Отто Вегенер и Пашка Маркушин сидели на площадке лестницы, на подоконнике, и толковали о войне.

Отто Вегенер разросся, руки и ноги у него стали большие, он не знал, куда их девать. Шинель и казенные сапоги, впрочем, ладно были пригнаны на белобрысом долговязом юнкере.

Сначала Пашка, как и Вегенер, завел себе карту военных действий, расставлял флажки на булавках, потом надоело, булавки и флажки потерялись. Вегенер к тому же знал о войне все: куда пойдут, что возьмут, какая у кого артиллерия и вообще, что будет дальше. Пашка считал русских солдат лучше всех на свете, первыми героями. Вегенер соглашался, но добавлял, что немцы тоже хорошо дерутся. Это Пашку слегка обижало, и он думал о приятеле: «А все-таки немчура».

Лихорадка первых недель войны, когда Пашка бегал на вокзалы провожать уходящие эшелоны, орал до сипоты «ура» и покупал лубки про казака Крючкова, прошла.

В самом начале все весело торопилось, куда-то бежало, гремели военные оркестры, проносились со свистом красные вагоны с солдатами, что-то орущими, машущими руками, иногда с зелеными ветвями на шапках.

Так или почти так было и в Петербурге, и в Берлине, и в Париже. Всюду были уверены, что сильнее, славнее и лучше их солдат нет на свете, что победа несомненна, что все очень скоро кончится и конец будет какой-то особенно праздничным, с музыкой. В театрах и в ресторанах часто играли гимн. Всем нравилось подыматься с торжественным шумом.

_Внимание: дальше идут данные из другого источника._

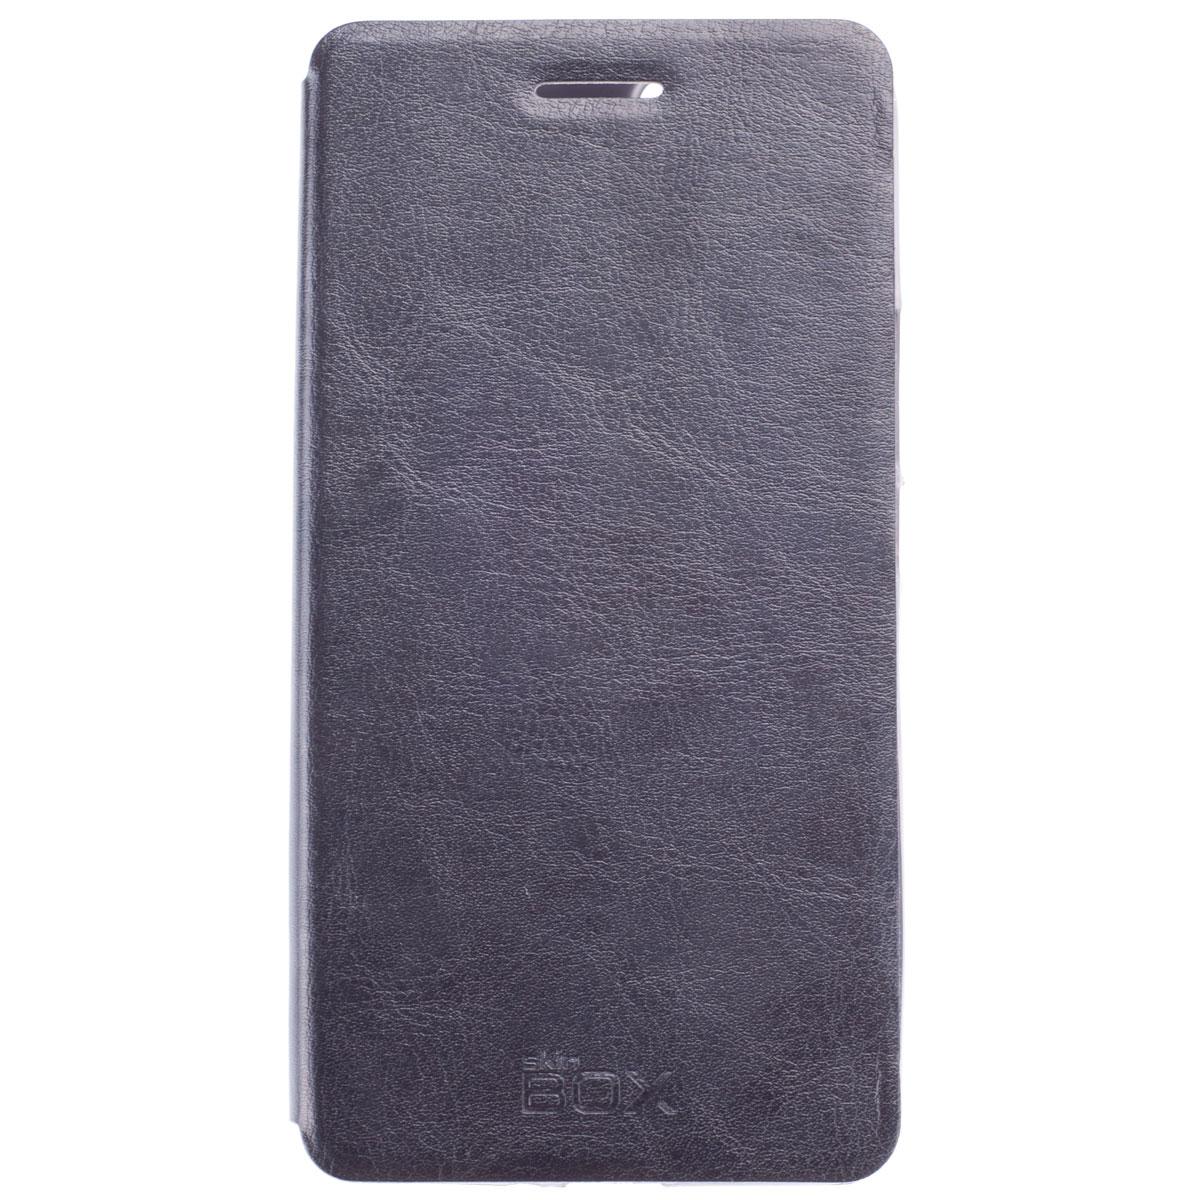 Skinbox Lux чехол для Huawei Honor 6 Plus, Black сотовый телефон huawei honor 8 pro black

Война уже вошла в медлительную жизнь людей, но о ней еще судили по старым журналам. Еще полуверилось, что война может быть теперь, в наше время. Где-нибудь на востоке, на случай усмирения в Китае, держали солдат в барашковых шапках для охраны границ, но никакой настоящей войны с Россией ни у кого не может быть. Россия больше и сильнее всех на свете, что из того, что потерпела поражение от японцев, и если кто ее тронет, она вся подымется, все миллионы ее православных серых героев. Никто не сомневался, что Россия победит, и больше было любопытства, чем тревоги, что же такое получится, если война уже началась. С войной все почувствовали в себе что-то героическое и рассуждали все, как заправские стратеги.

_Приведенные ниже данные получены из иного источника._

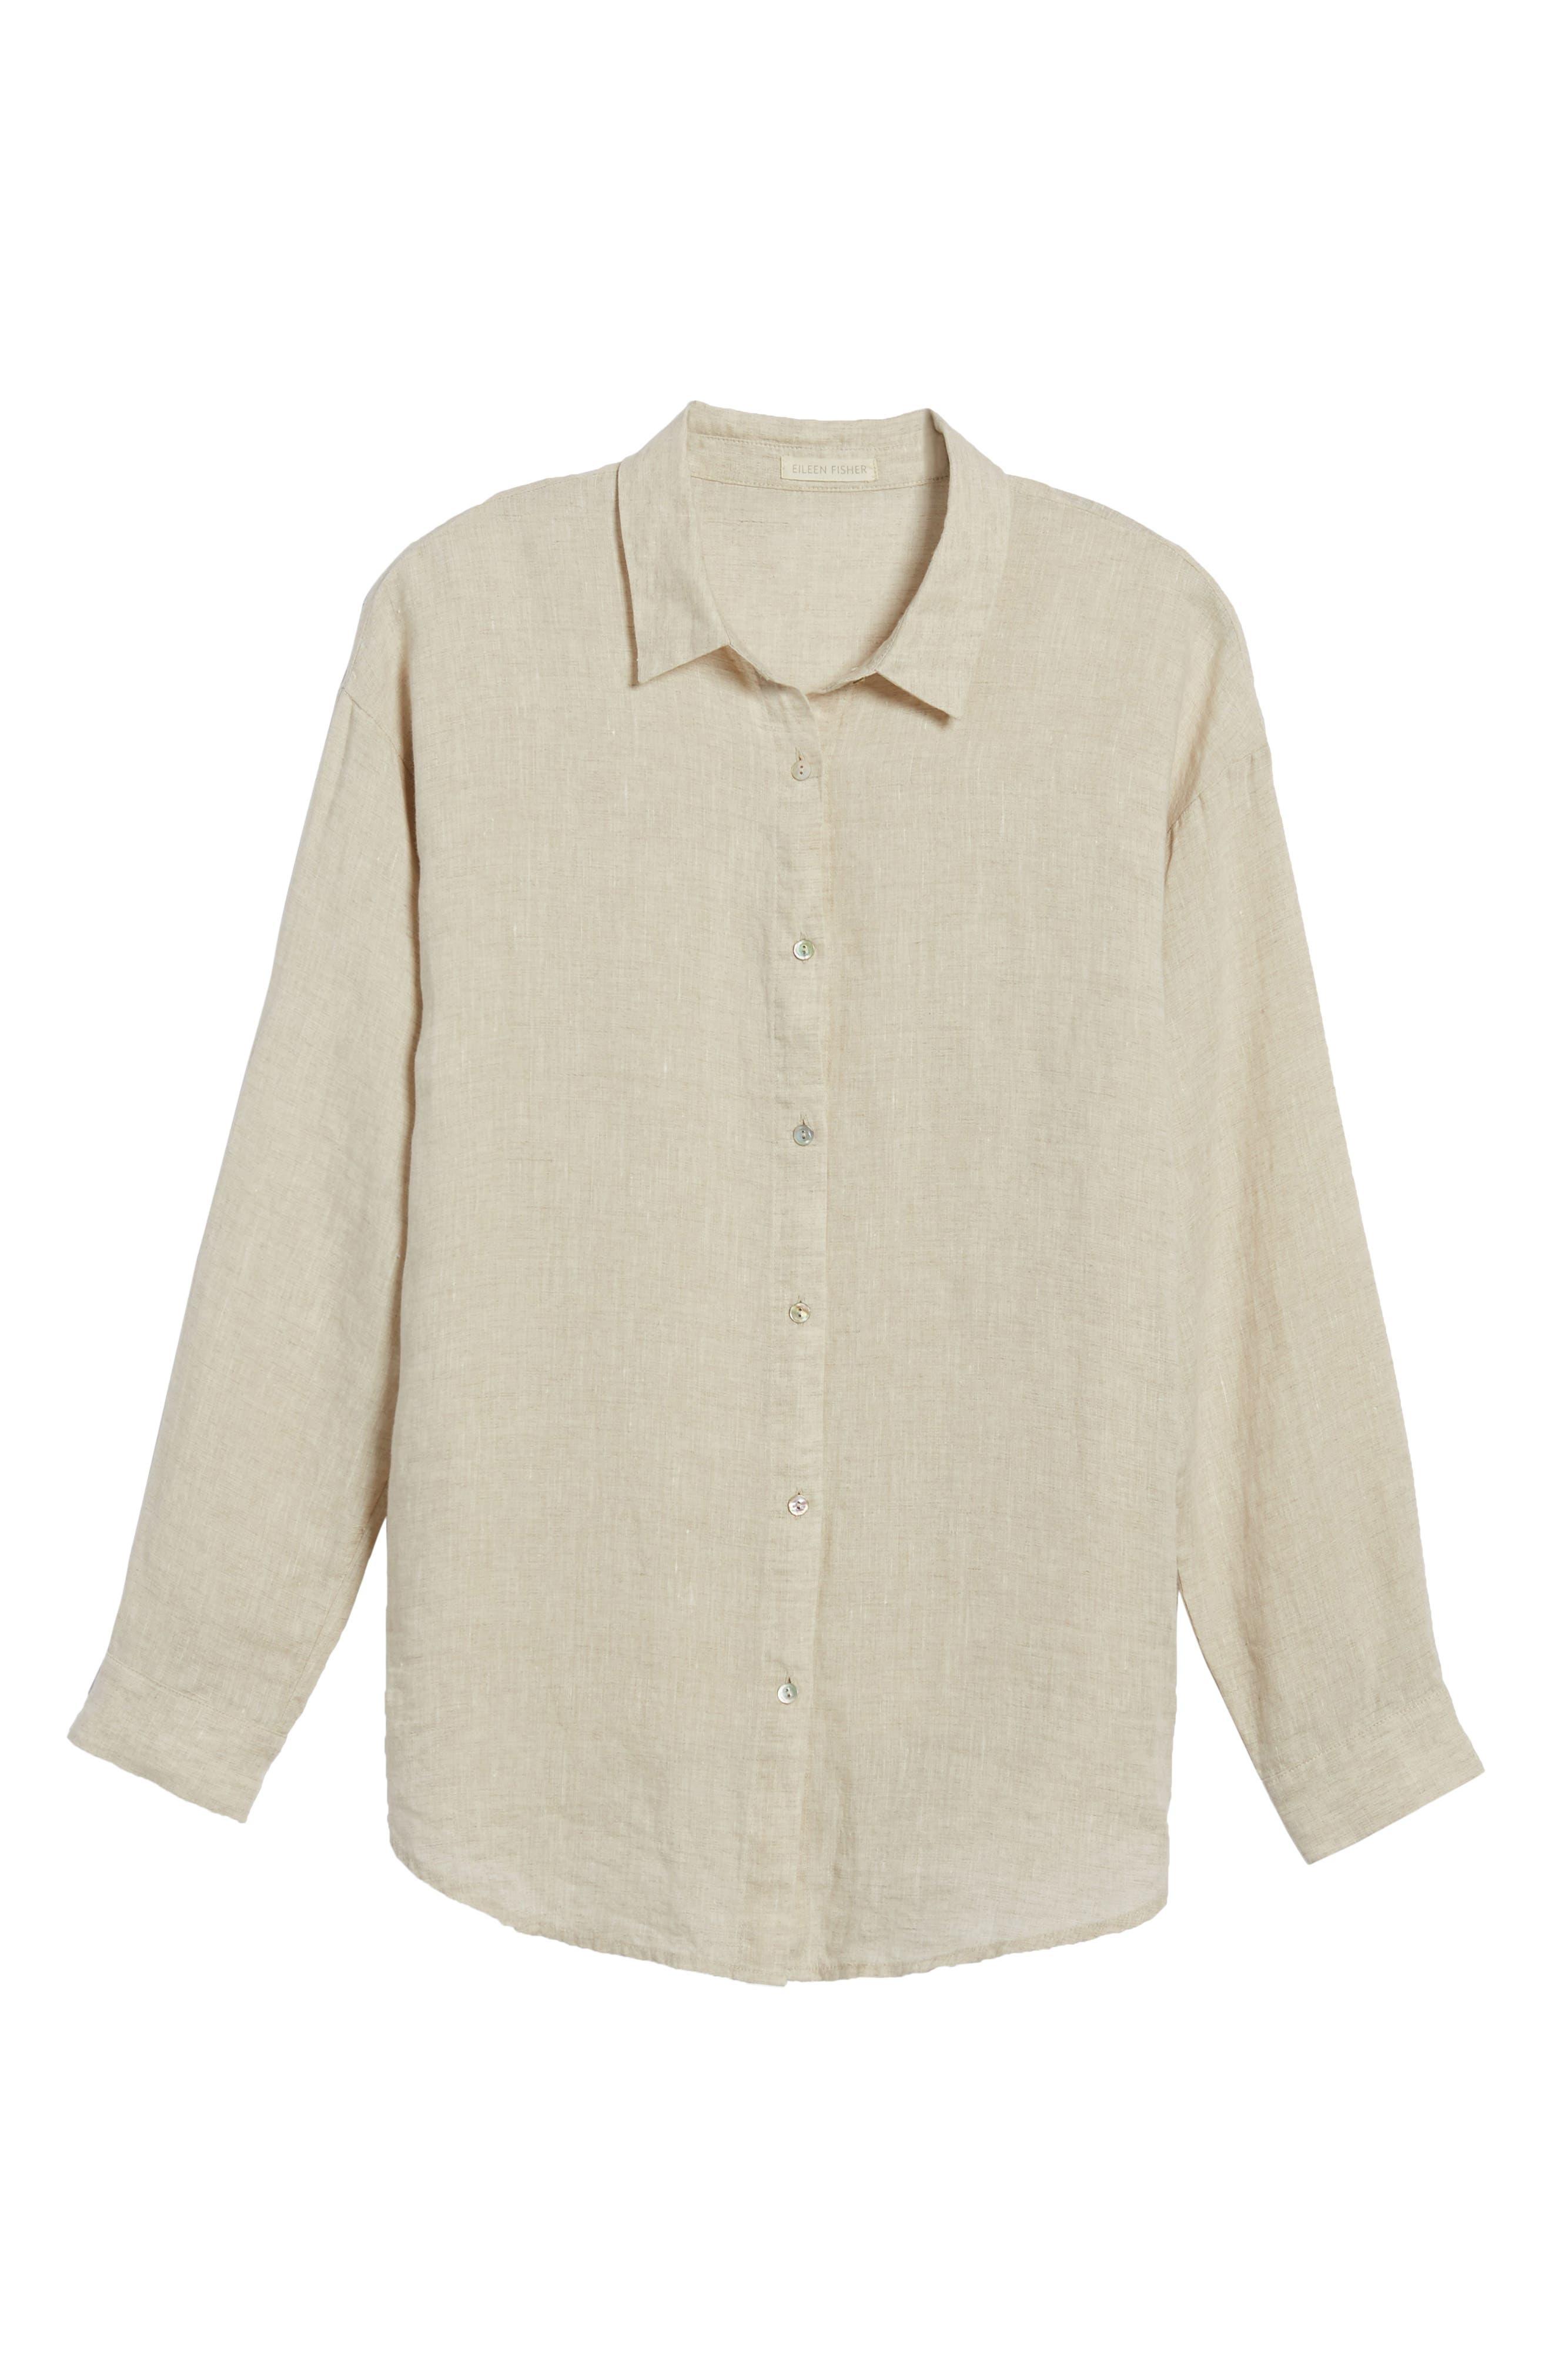 Organic Linen Shirt,                             Alternate thumbnail 7, color,                             Natural

У Пашки, едва ли года два назад бросившего играть в оловянные солдатики, еще сохранились бумажные солдаты на глянцевых листах, длинные ряды французов в красных штанах, альпийские стрелки в зеленом, барсельеры в оперенных шляпах набекрень. Пашка так и думал, что солдаты в чужих армиях вроде его бумажных красавцев. Война для него, и для всех, была еще где-то далеко, сбоку, как-то около жизни, любопытная и смутно красивая, чем-то похожая на парад на Марсовом поле.

Маркушины жили в том же доме на Малом проспекте. После смерти отца в его письменном столе нашли государственную ренту, обернутую в кусок потертой, криво разрезанной замши. Мать стала отпускать домашние обеды. От этого в старой квартире повеселело. Правда, теперь всюду пахло дешевым жареным маслом, борщом, картошкой на сале, в столовой долго сидели и курили незнакомые студенты, барышни, офицер с бледным, немного лошадиным лицом, но кабинет отца и комната матери оставались нетронутыми.

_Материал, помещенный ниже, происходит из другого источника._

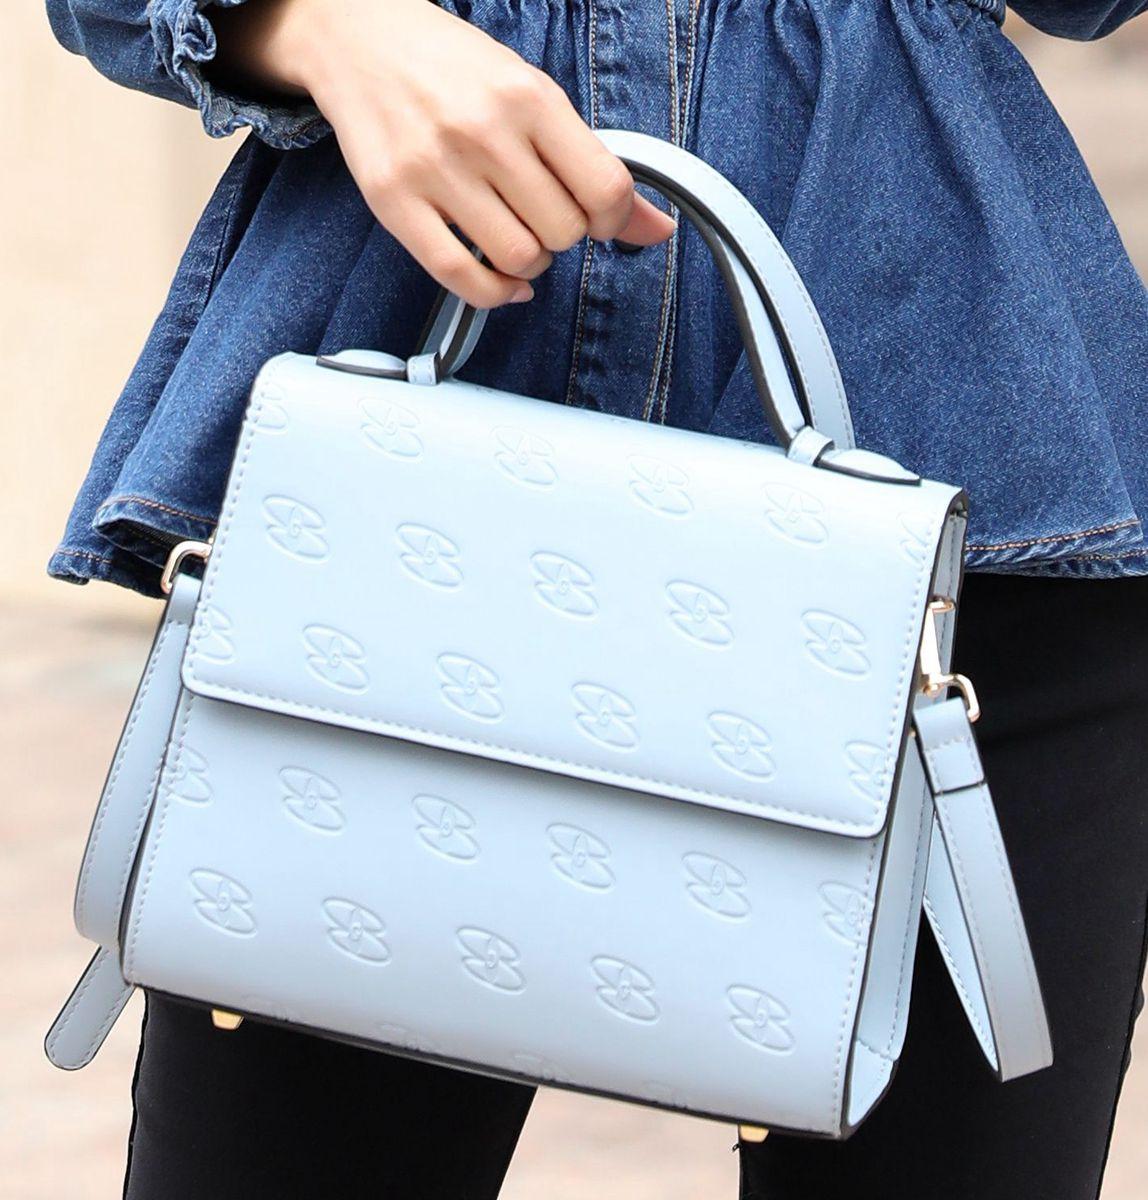 2020 new ecofriendly PU leather custom handbag shoulder bags womens bags

Двери туда были закрыты, чтобы не доходил чад и табачный дым. В кабинете был тот же воздух, какой при отце, та же тишина, и часы звучно тикали на столе, точно отец ходил здесь в своих татарских мягких сапожках. На его столе Пашка готовил уроки, осторожно отодвигая тяжелую отцовскую пепельницу и медную чернильницу. Мать иногда приходила со счетом:

– Посчитай, Пашенька, сколько тут будет.

Он, хотя и сердился, что помешали, но считал.

После смерти отца мать как-то помолодела. Она стала седая и легкая. Весь день она была в хлопотах. Столовники, кухня, обеды, ссоры с зеленщиками и мясниками, Ольгины платья, сапоги, рубашки Николая и Паши, деньги, счета, разбирая которые надо было надевать очки и писать неверной рукой дрожащие длинные цифры, – от всего этого мать и помолодела. Она еще неутомимее вела лютый бой за домашних. Только покойника она звала не батей, как при жизни, а с уважением – Петром Семеновичем. Она еще говорила о нем няньке или чиновнику, у которого получала пенсию, или жильцам, кто поминал его, и плакала легонько. Такие короткие, мгновенные слезы стали для нее привычными, не печальными.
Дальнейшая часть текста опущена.